At the same time, the business system relies on the writing logic of this log. If the library is not writable, online business operations cannot be executed.
At this time, you may need to forcibly switch first, and then fill in the data afterwards.
After reviewing the situation, I thought of an improvement measure: Let business logic not rely on the writing of this type of log. That is, the log writing to this logical module should be downgradable, such as writing to a local file or another temporary library.

In this scenario, the reliability priority strategy can be used .

According to reliability first, what will be the effect of abnormal switching?
Assume that the main-standby delay between the main library A and the standby library B is 30 minutes. At this time, the main library A is powered off, and the HA system needs to switch B as the main library. In the active handover, you can wait until the active-standby delay is less than 5s before starting the handover, but at this time there is no choice.
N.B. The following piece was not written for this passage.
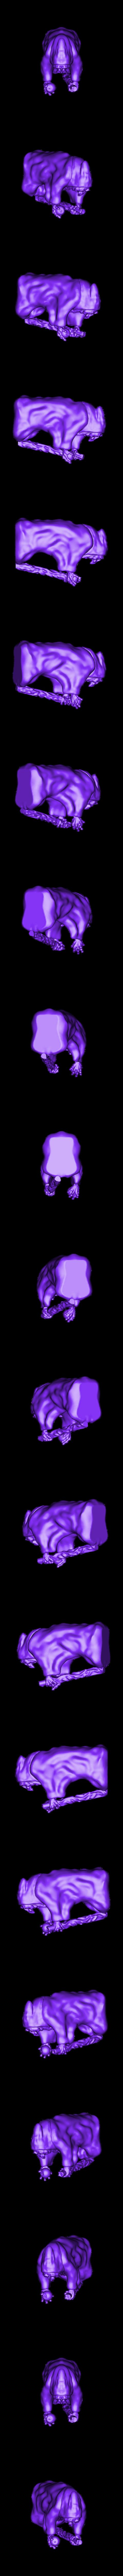 EvilQuuenWitch.stl Download free STL file Dwarfs - Evil Queen Witch • Design to 3D print, quangdo1700

  • Reliability priority strategy, the main library is not available

The reliability priority strategy is adopted , and the switch can only be performed after the SBM of standby database B is =0. But now it is more serious than just before. It is not that the system is read-only and not writable, but that the system is completely unusable. Because, after the main library A is powered off, our connection has not been switched to the standby library B.

  • Can I switch directly to standby database B, but keep B read-only?
    No way. Because, during this period of time, the application of the transfer log has not been completed. If the active/standby switch is initiated directly, the client query cannot see the previously executed transaction, and it will be considered "data loss".

Although the data will be restored as the transfer log continues to be used, for some businesses, the "temporary data loss status" cannot be accepted.

On the premise of satisfying data reliability, the availability of MySQL's high-availability system depends on the delay of active and standby. The smaller the delay, the shorter the service recovery time and the higher the availability when the main library fails.